» **WHAT YOU WILL DO**: Without including any images, please transcribe all the lines below exactly.

» **COLLECTED DATA**:

=======

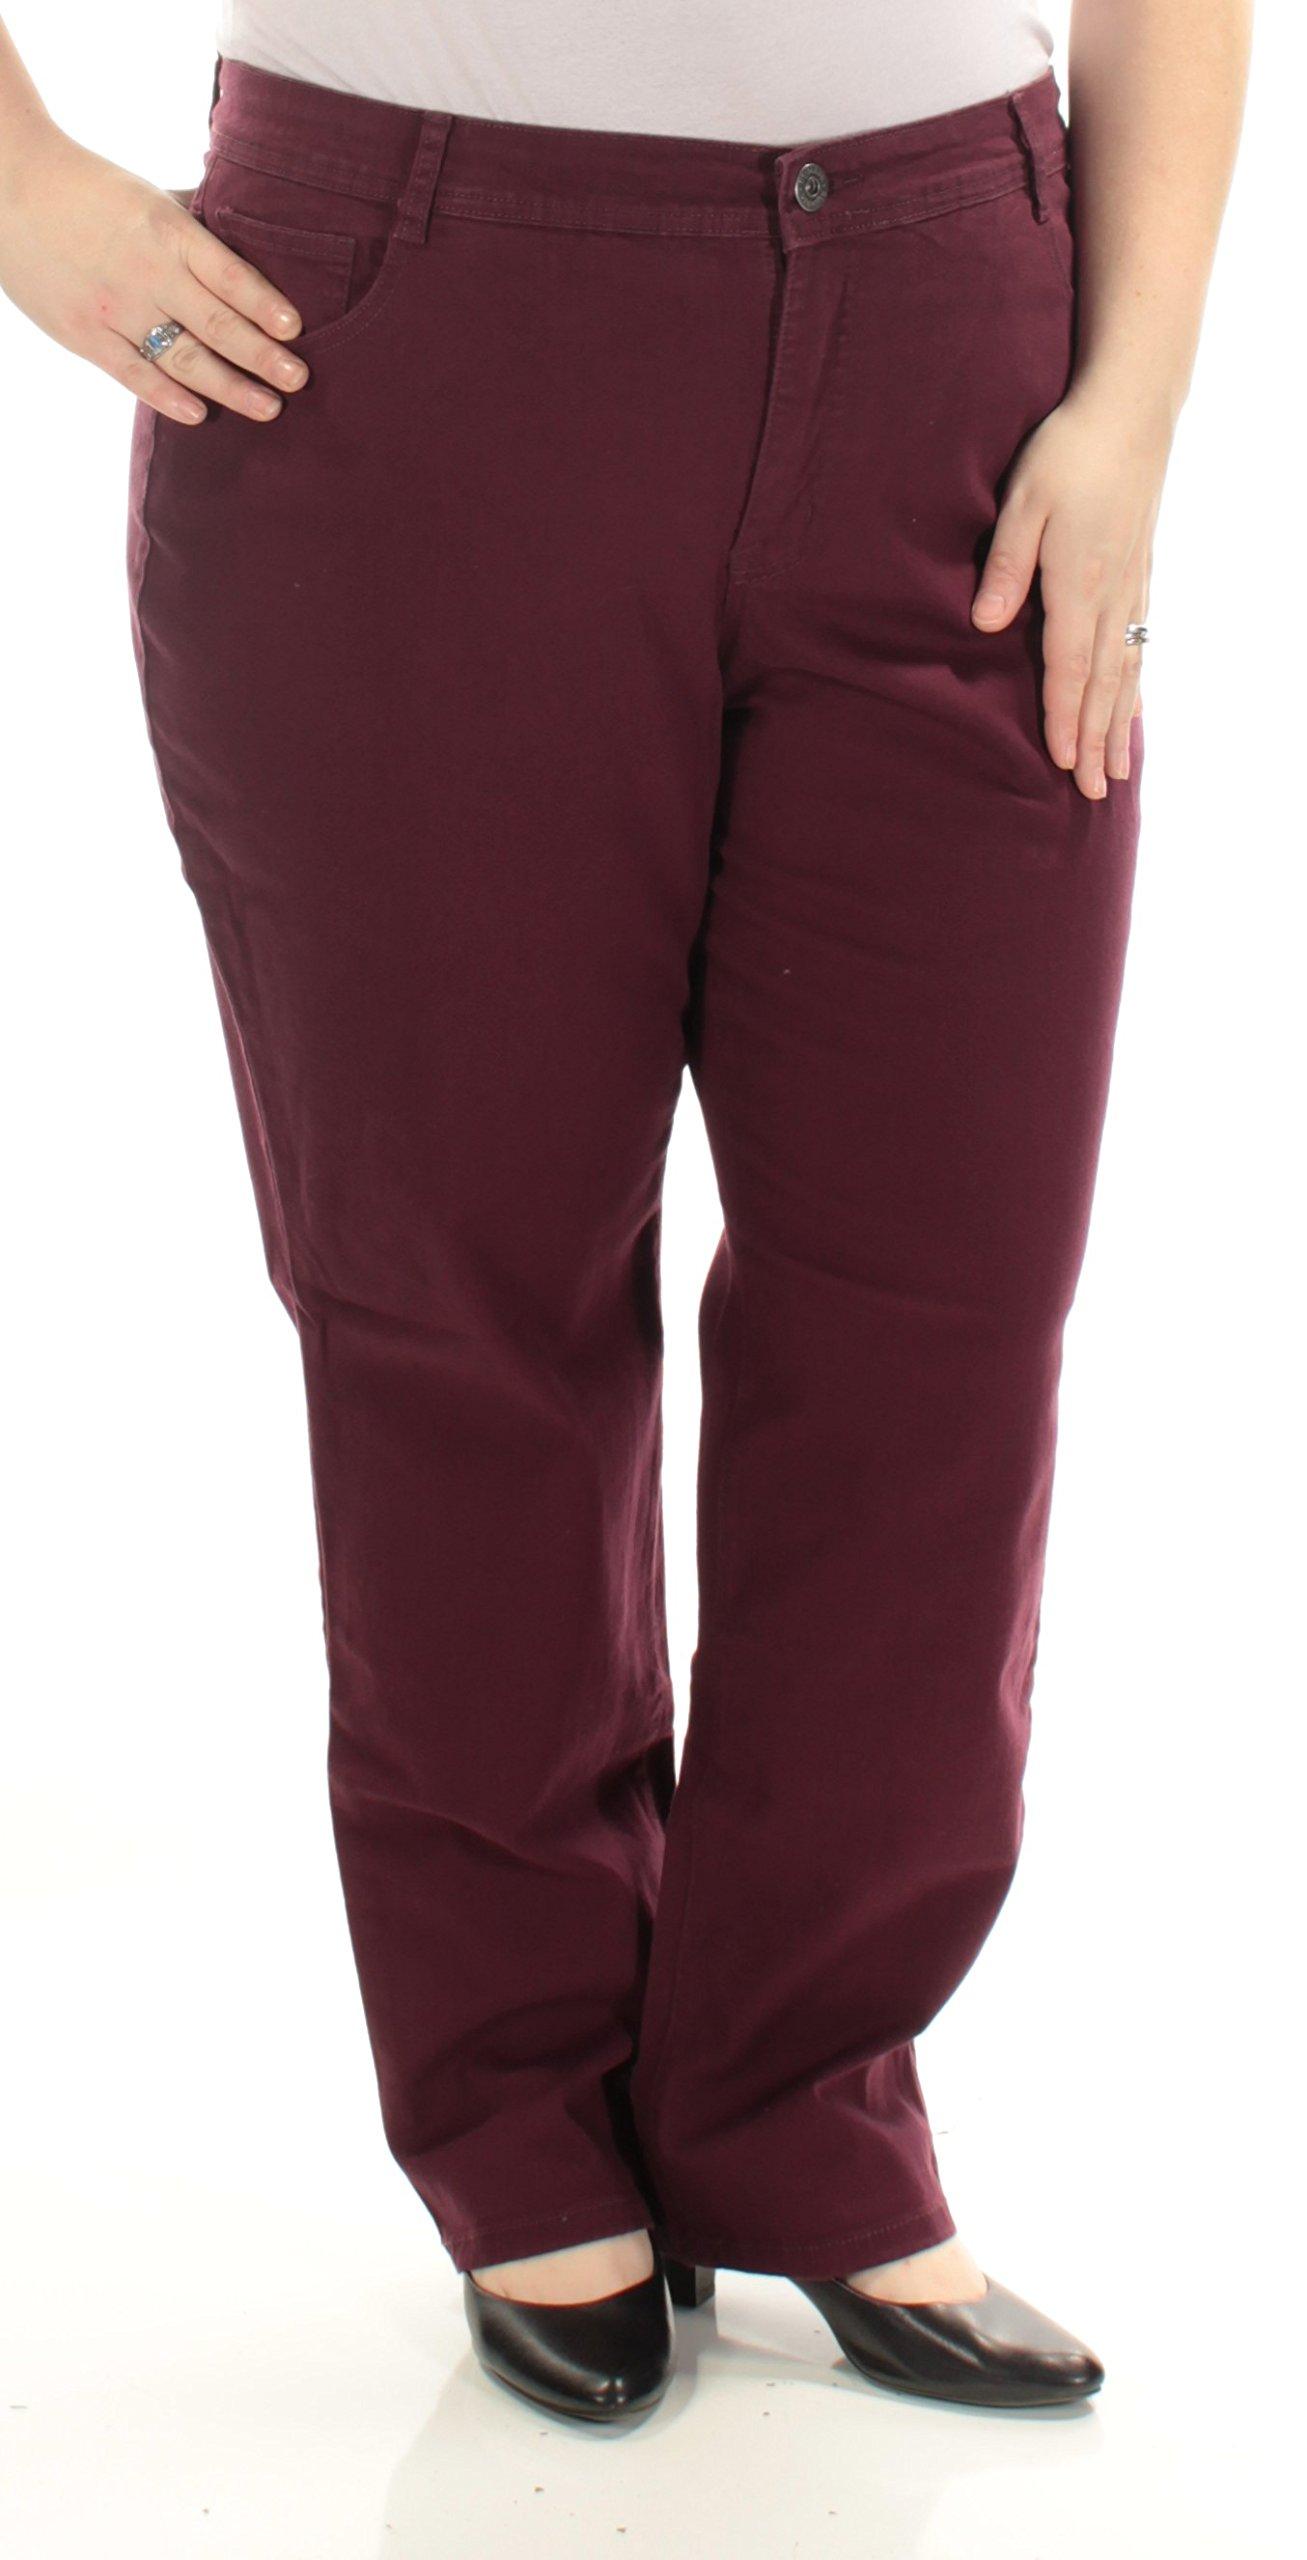 Style & Co. Womens Plus Tummy Control High Rise Slim Leg Jeans Purple 22W
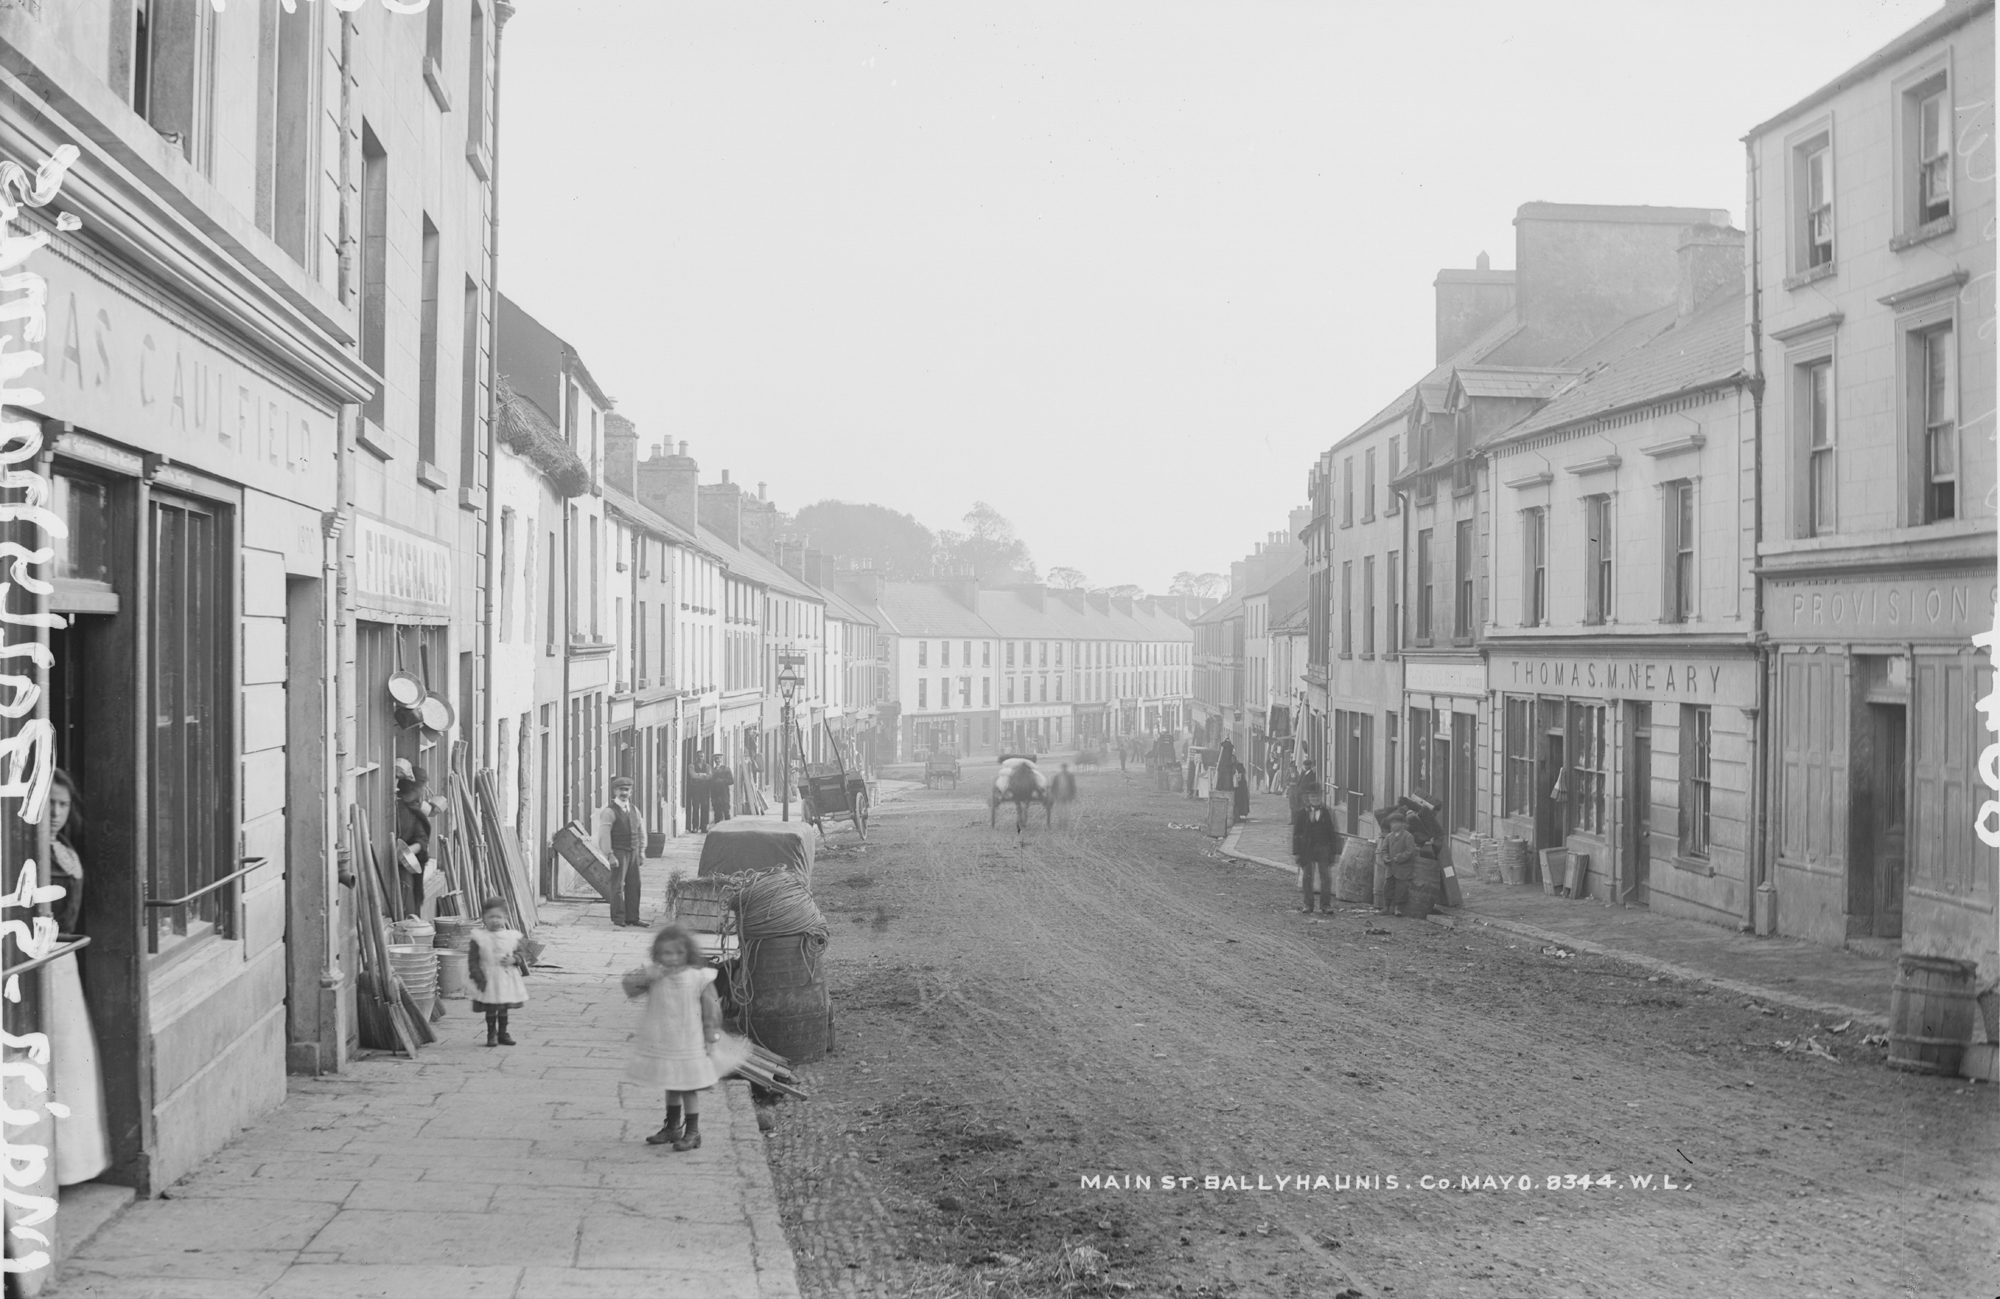 Main Street, Ballyhaunis, Co. Mayo
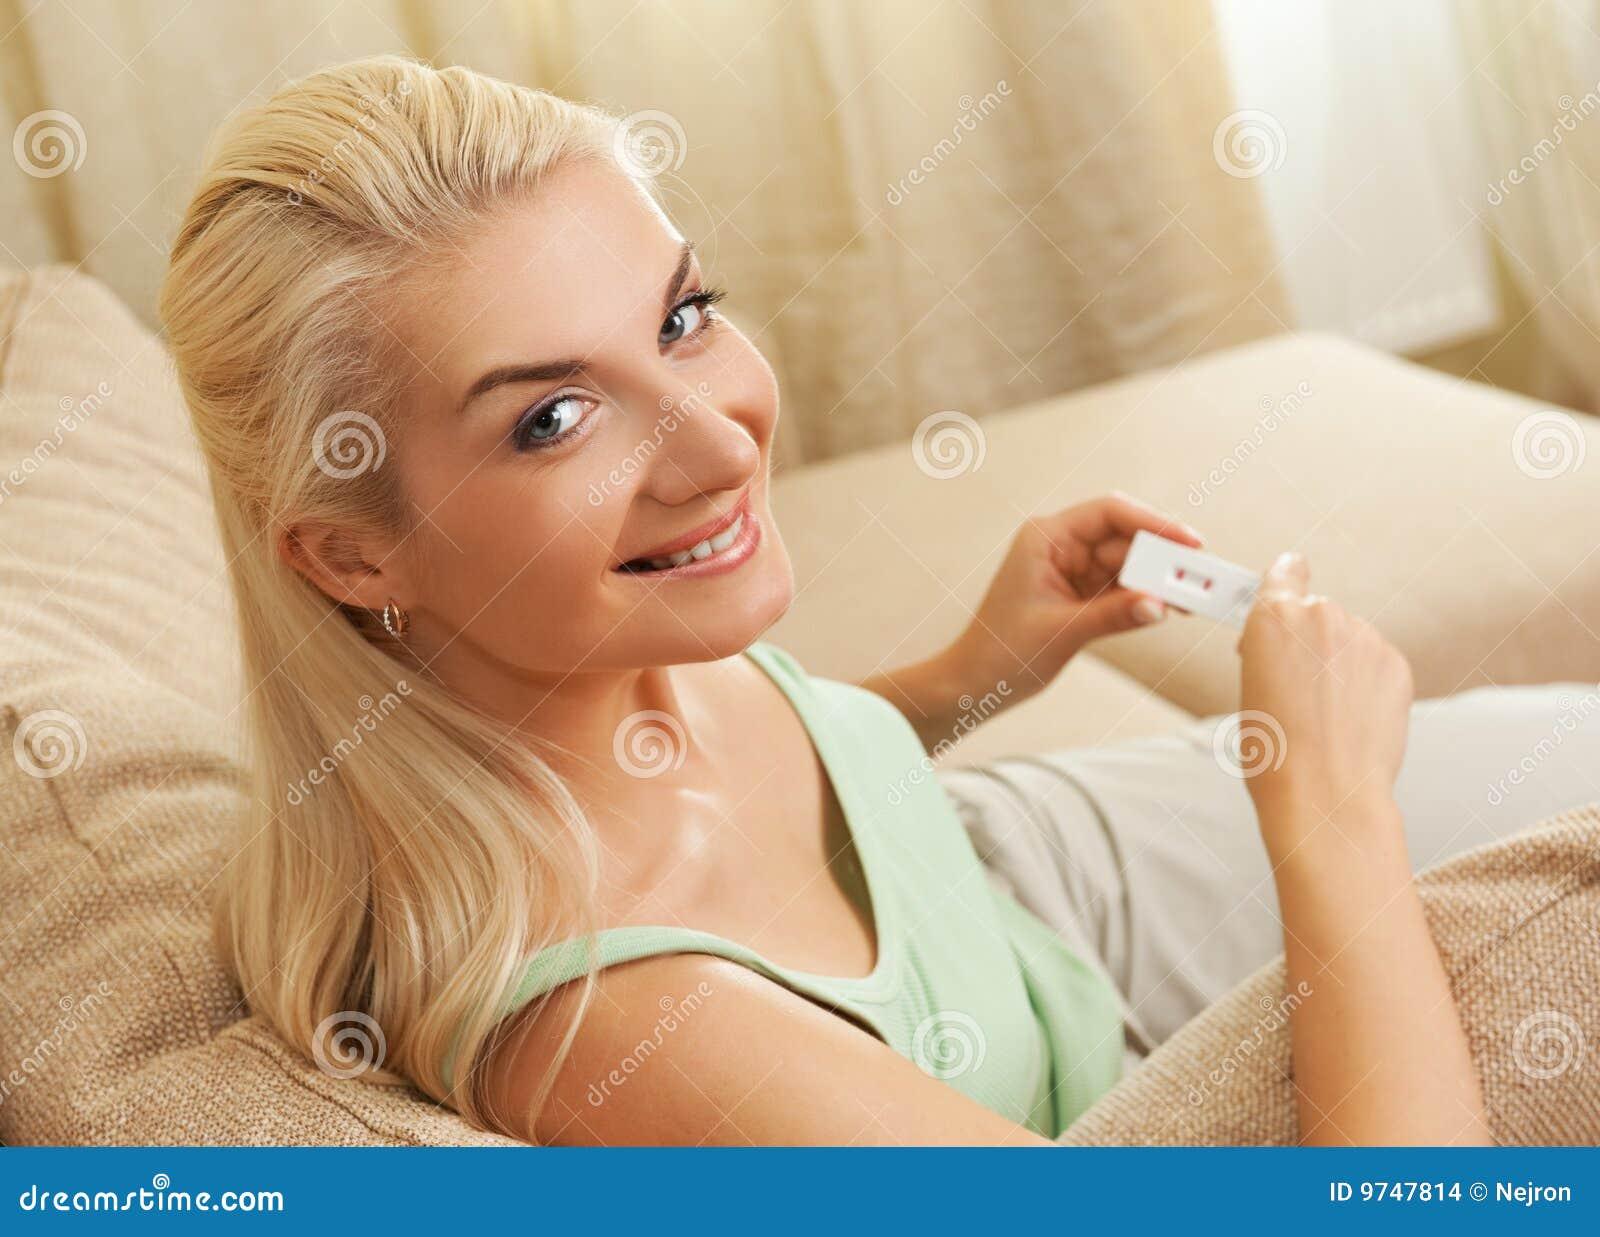 Woman holding positive pregnancy test

=======

» **SOLVED EXERCISE**:
 Style & Co. Womens Plus Tummy Control High Rise Slim Leg Jeans Purple 22W
 Main Street, Ballyhaunis, Co. Mayo
 Woman holding positive pregnancy test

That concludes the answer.